Stored records
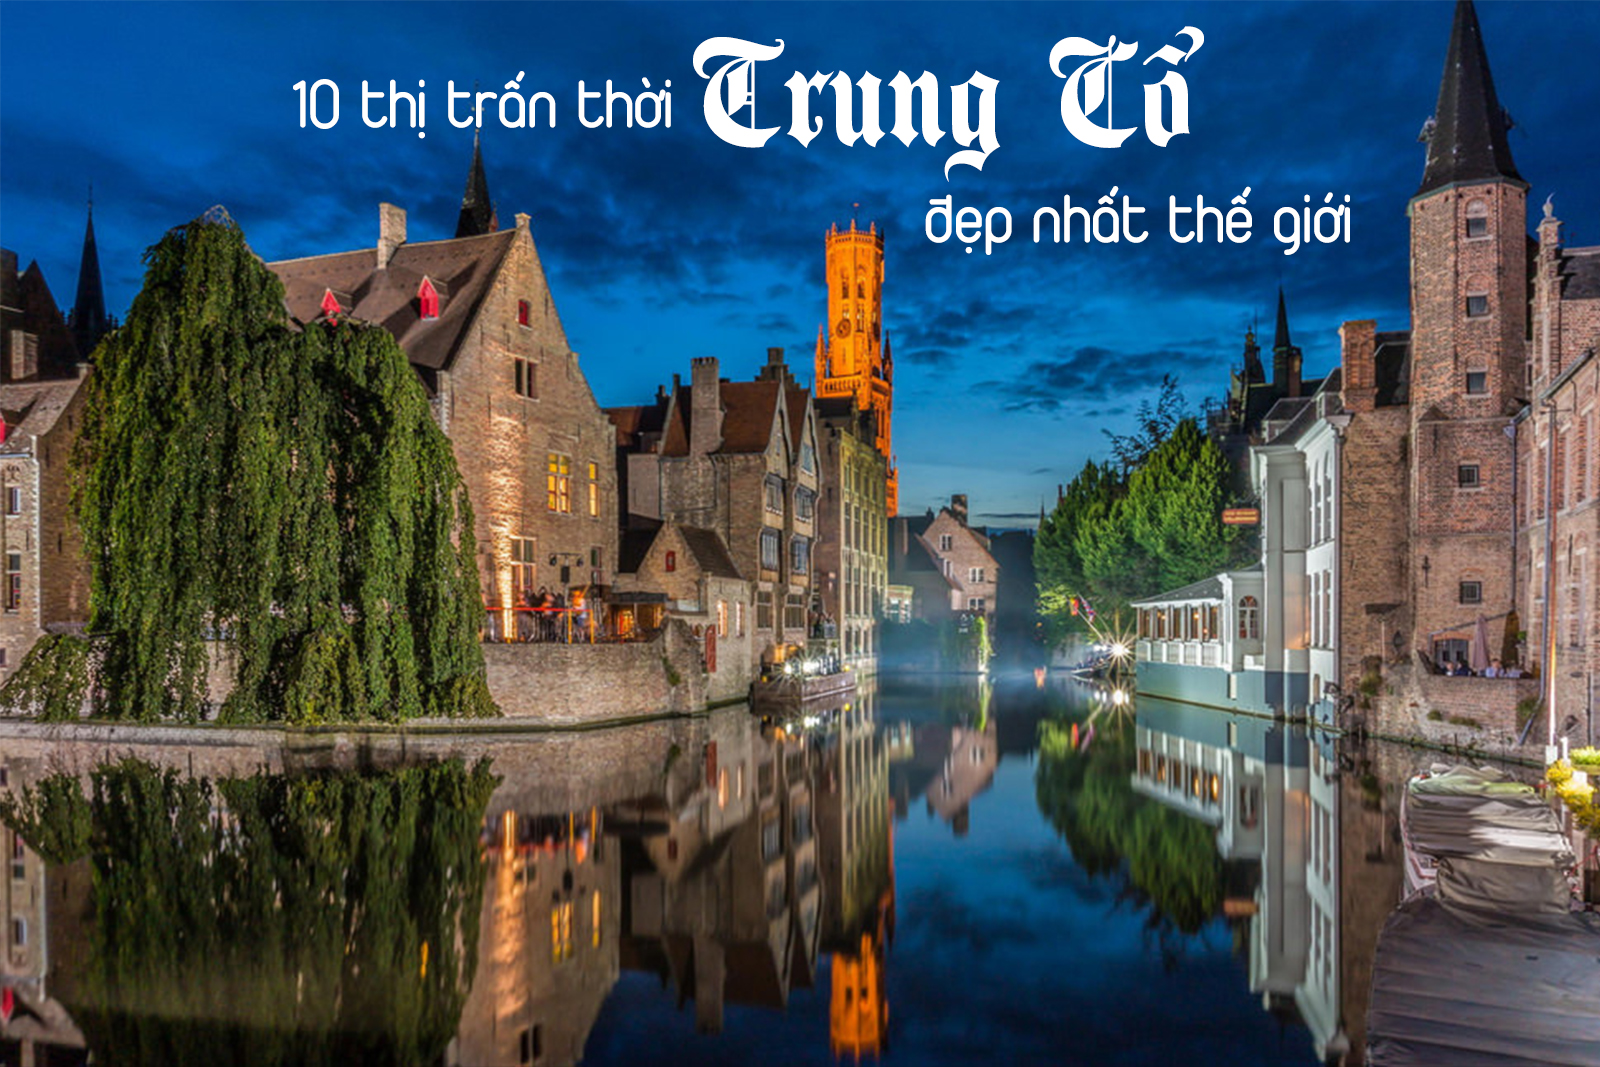 10 thị trấn thời Trung cổ đẹp nhất thế giới - 1
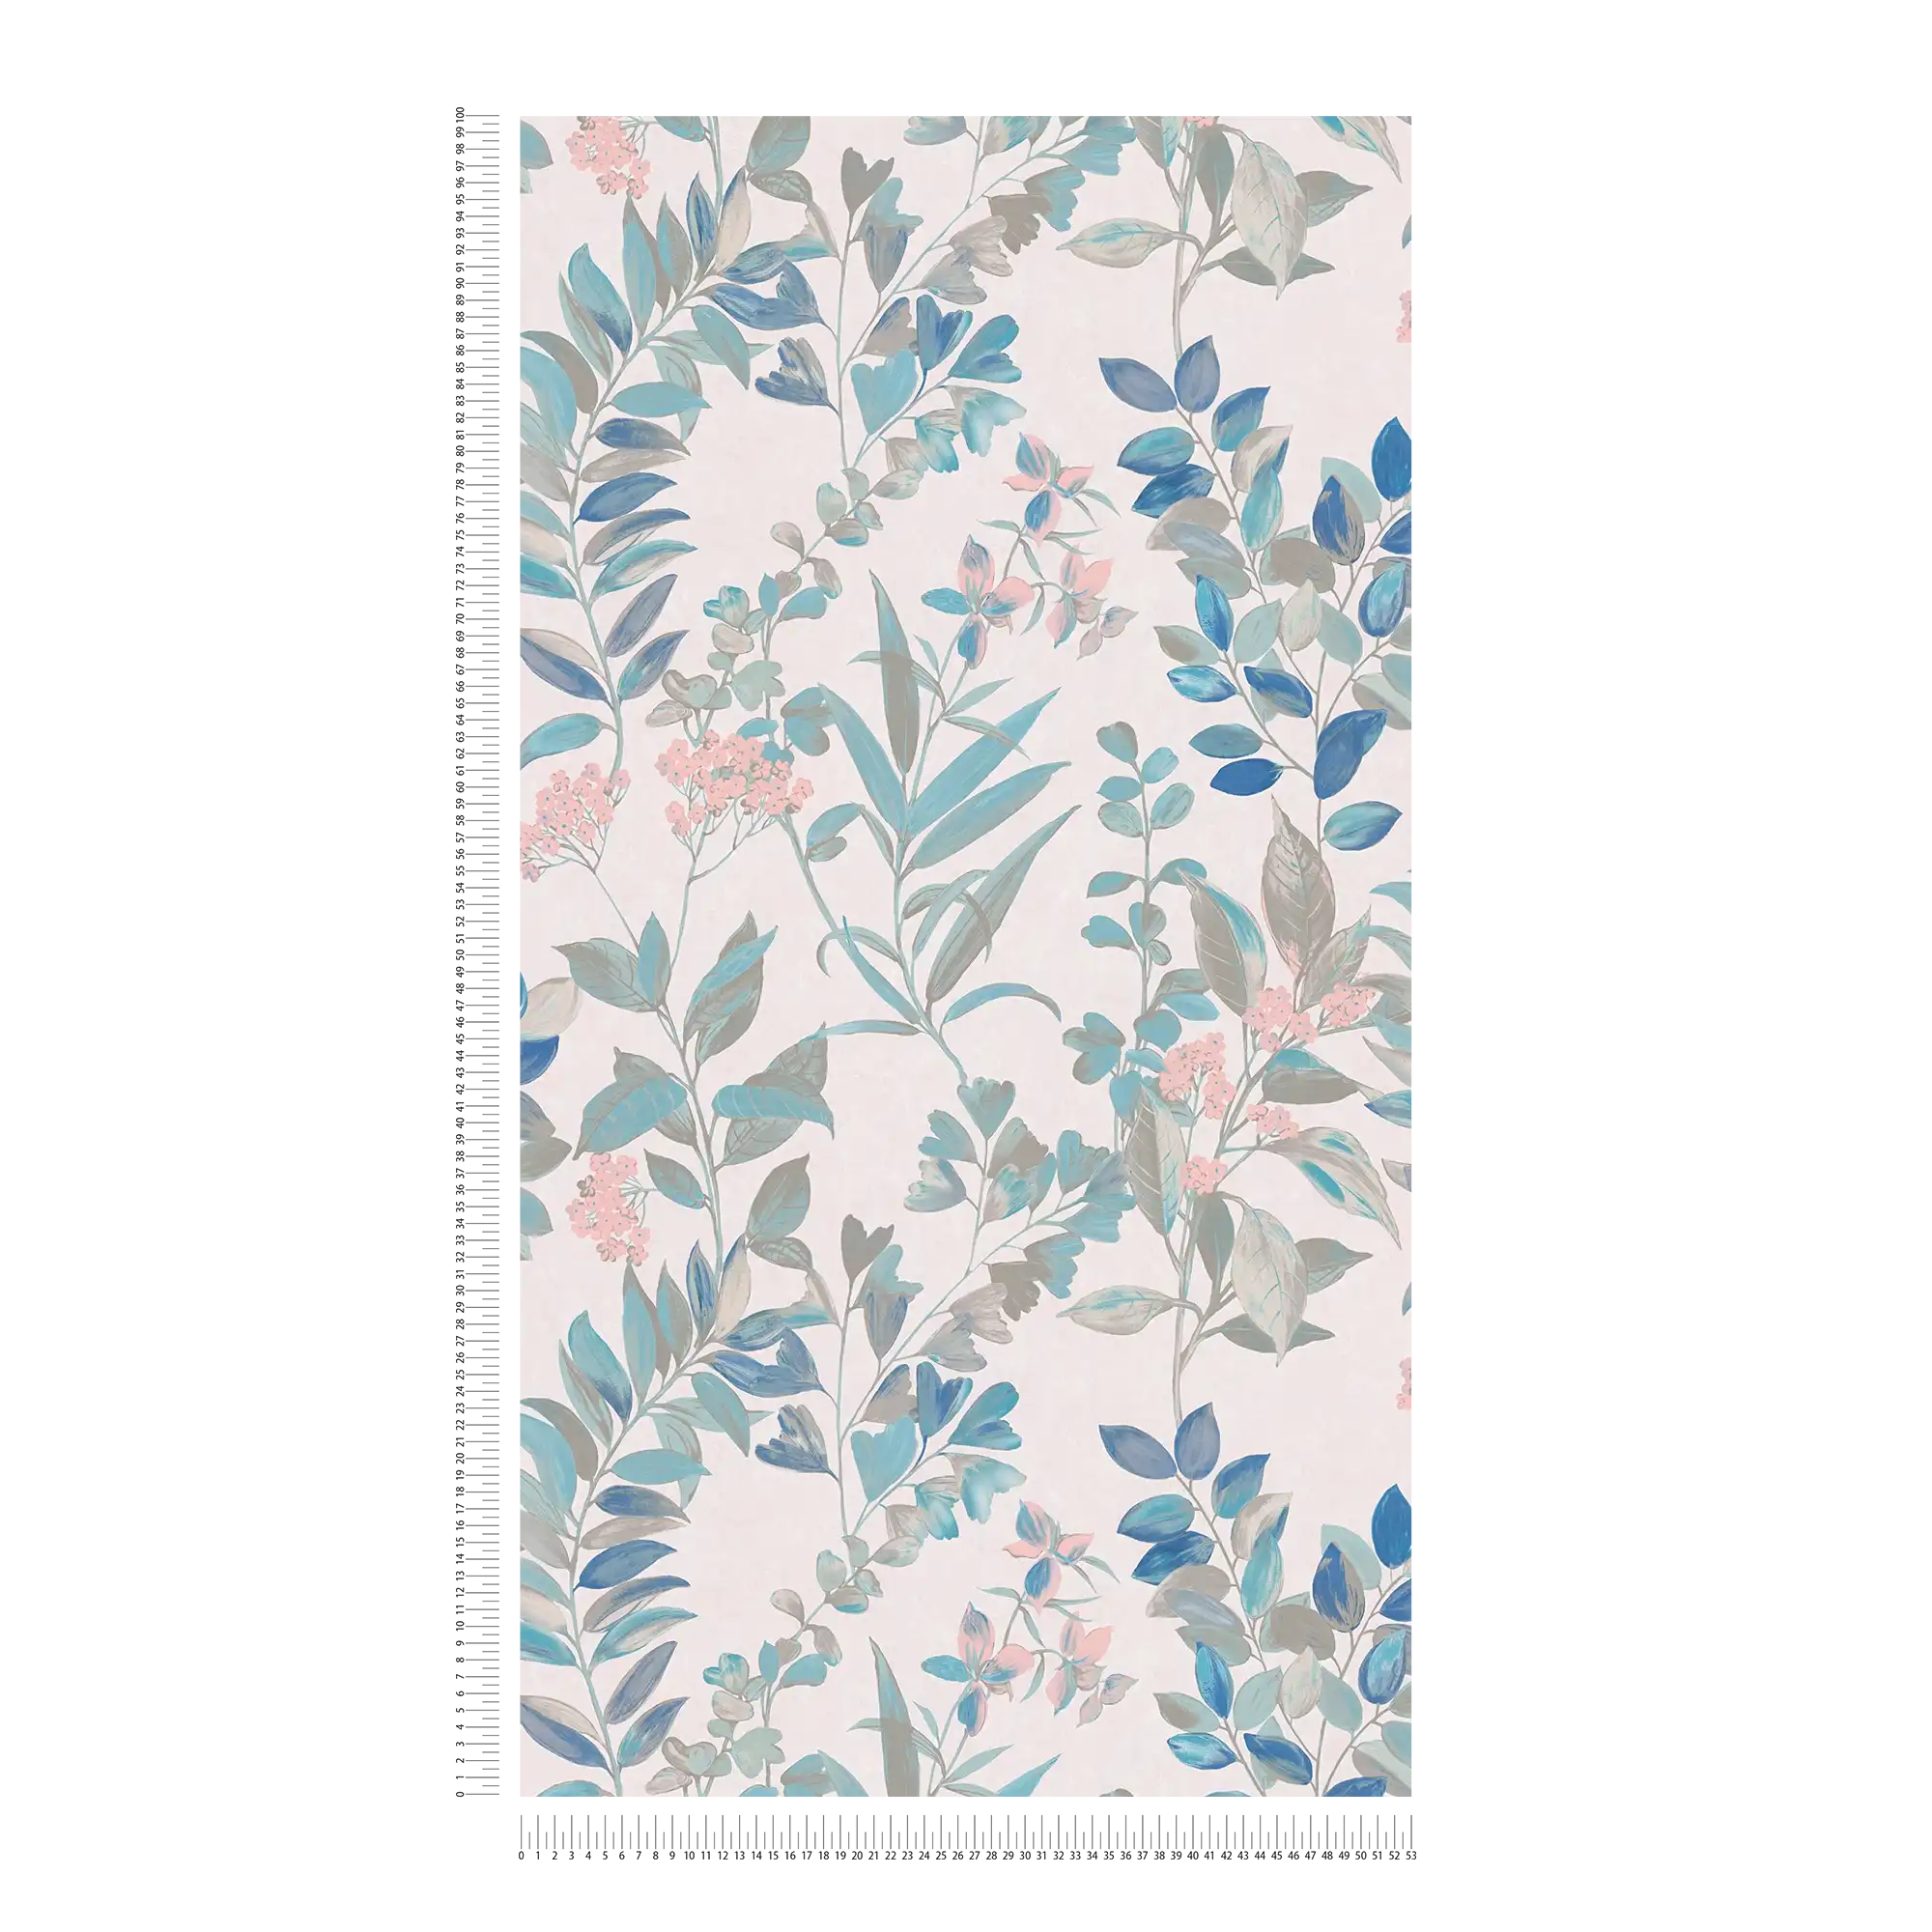             Papel pintado con motivos florales - multicolor, blanco, turquesa
        
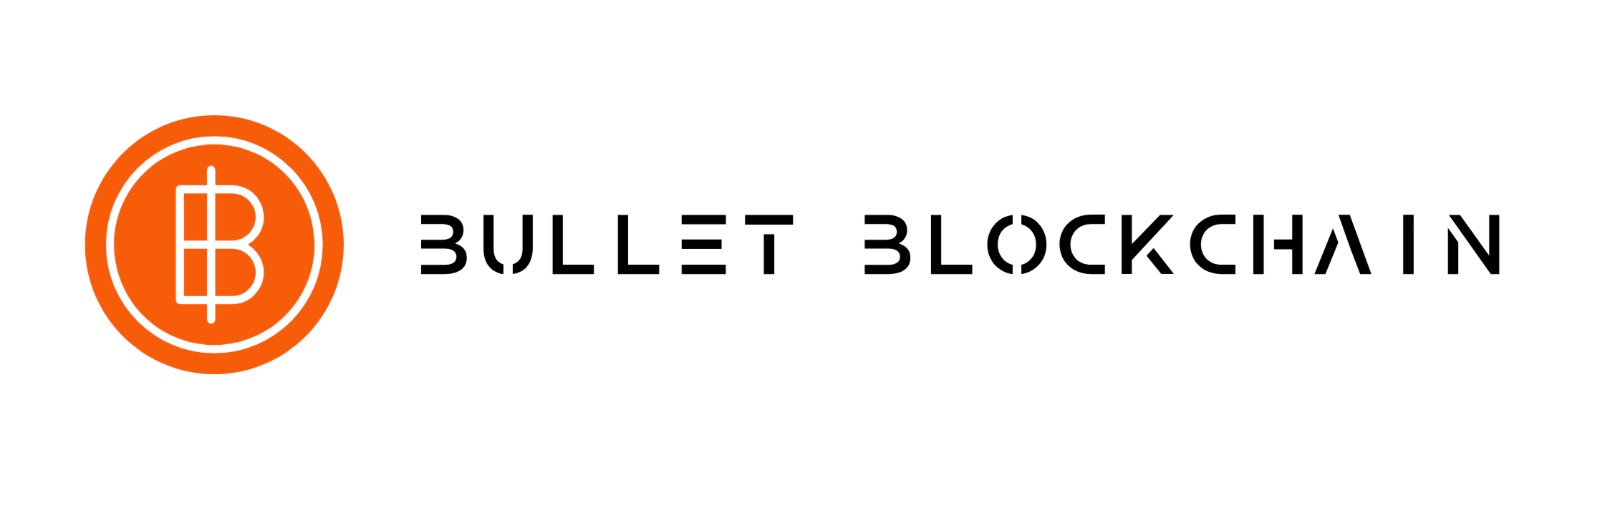 Bullet Blockchain LTD, Monday, April 26, 2021, Press release picture
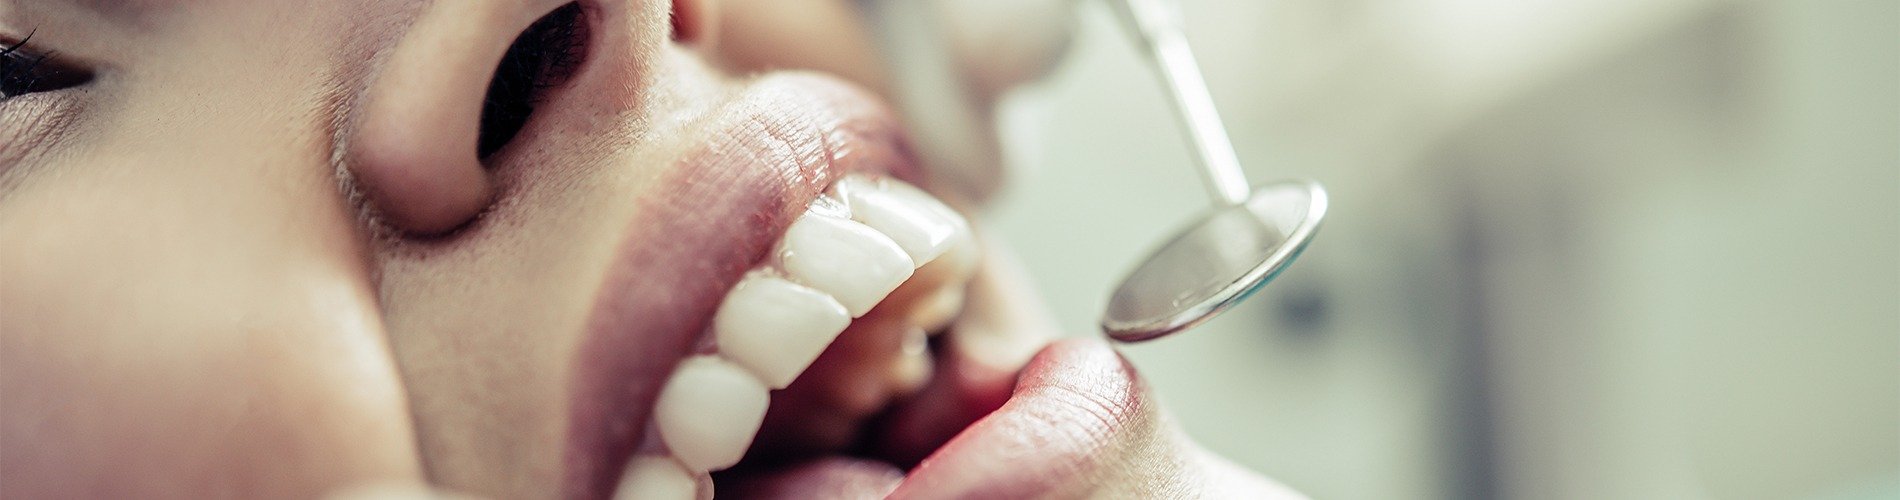 ¿Cómo ha afectado la crisis en la estética dental?
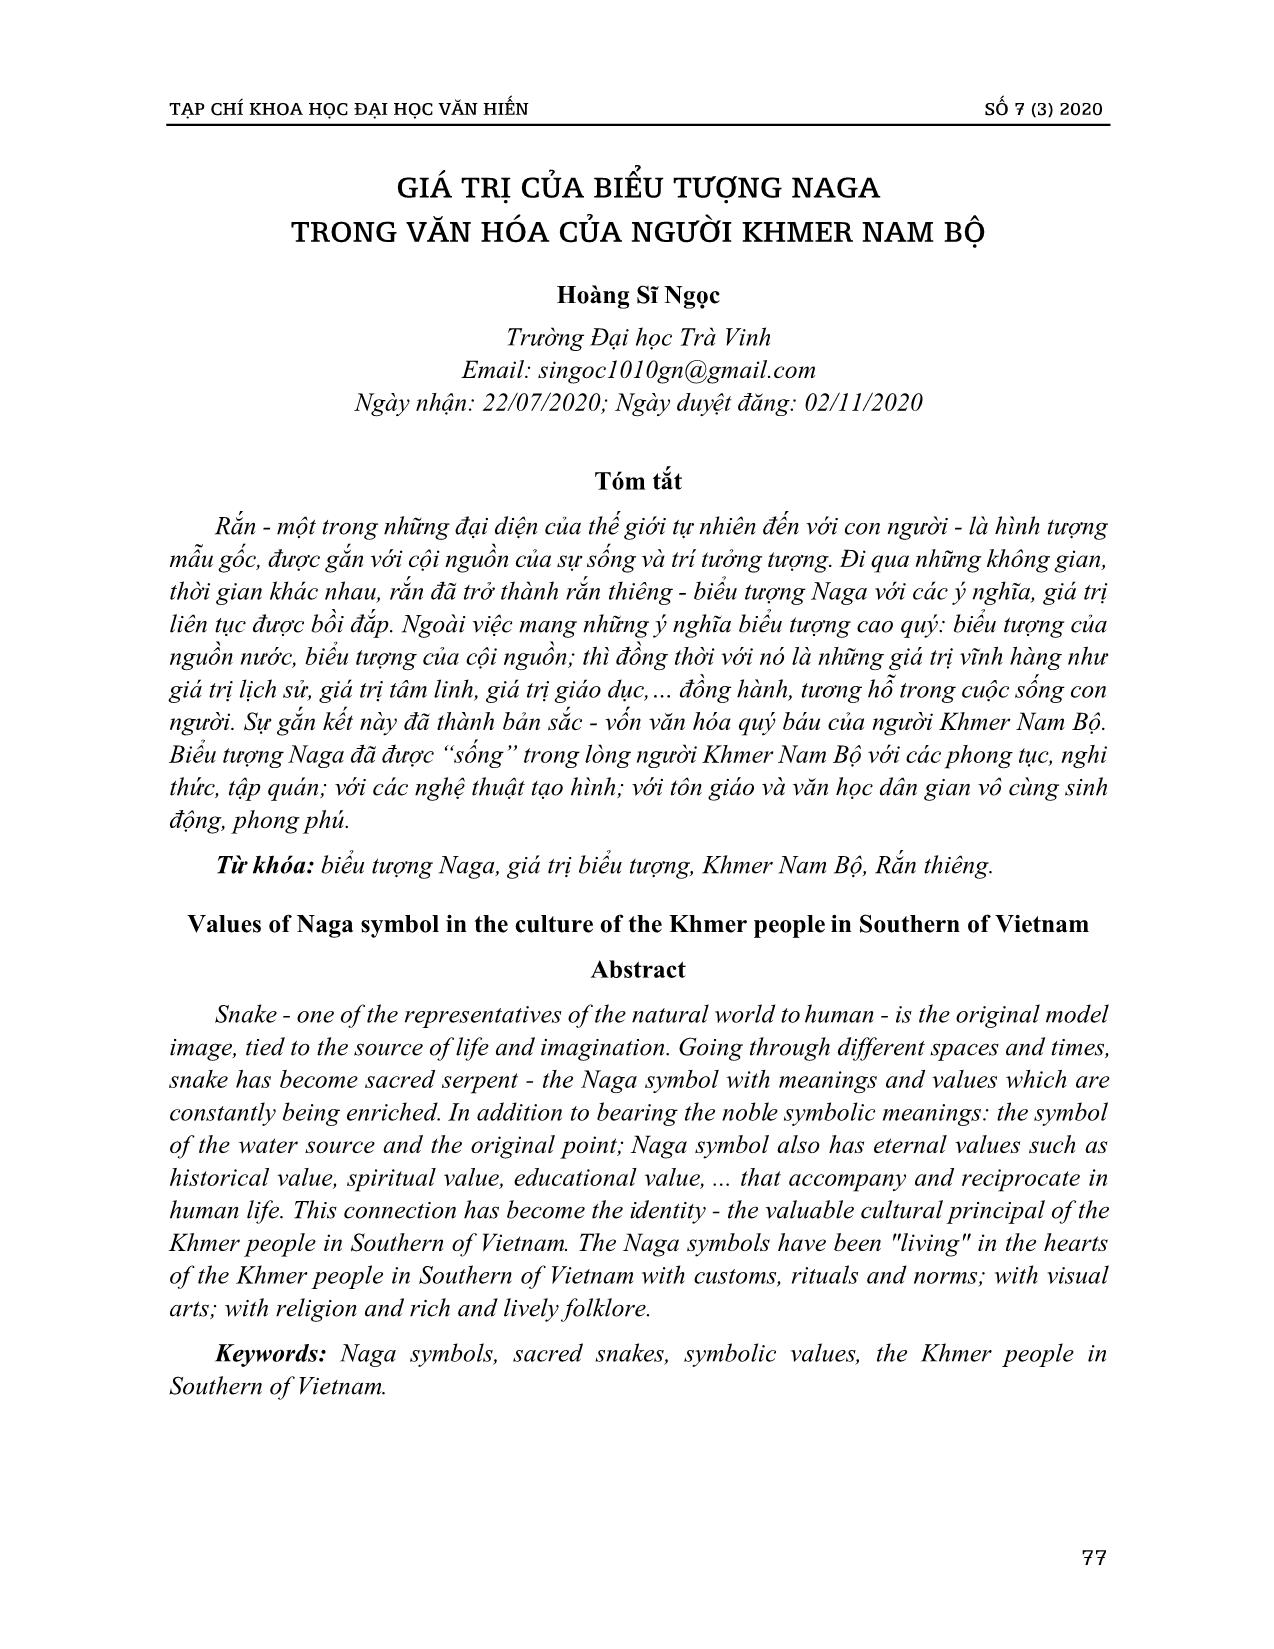 Giá trị của biểu tượng Naga trong văn hóa của người Khmer Nam Bộ trang 1

# [Work required]
Every entry, word for word: repeat it, but skip the images.

# [Solution for this exercise]
 10 thị trấn thời Trung cổ đẹp nhất thế giới - 1
             Papel pintado con motivos florales - multicolor, blanco, turquesa
        
 Bullet Blockchain LTD, Monday, April 26, 2021, Press release picture
 ¿Cómo ha afectado la crisis en la estética dental?
 Giá trị của biểu tượng Naga trong văn hóa của người Khmer Nam Bộ trang 1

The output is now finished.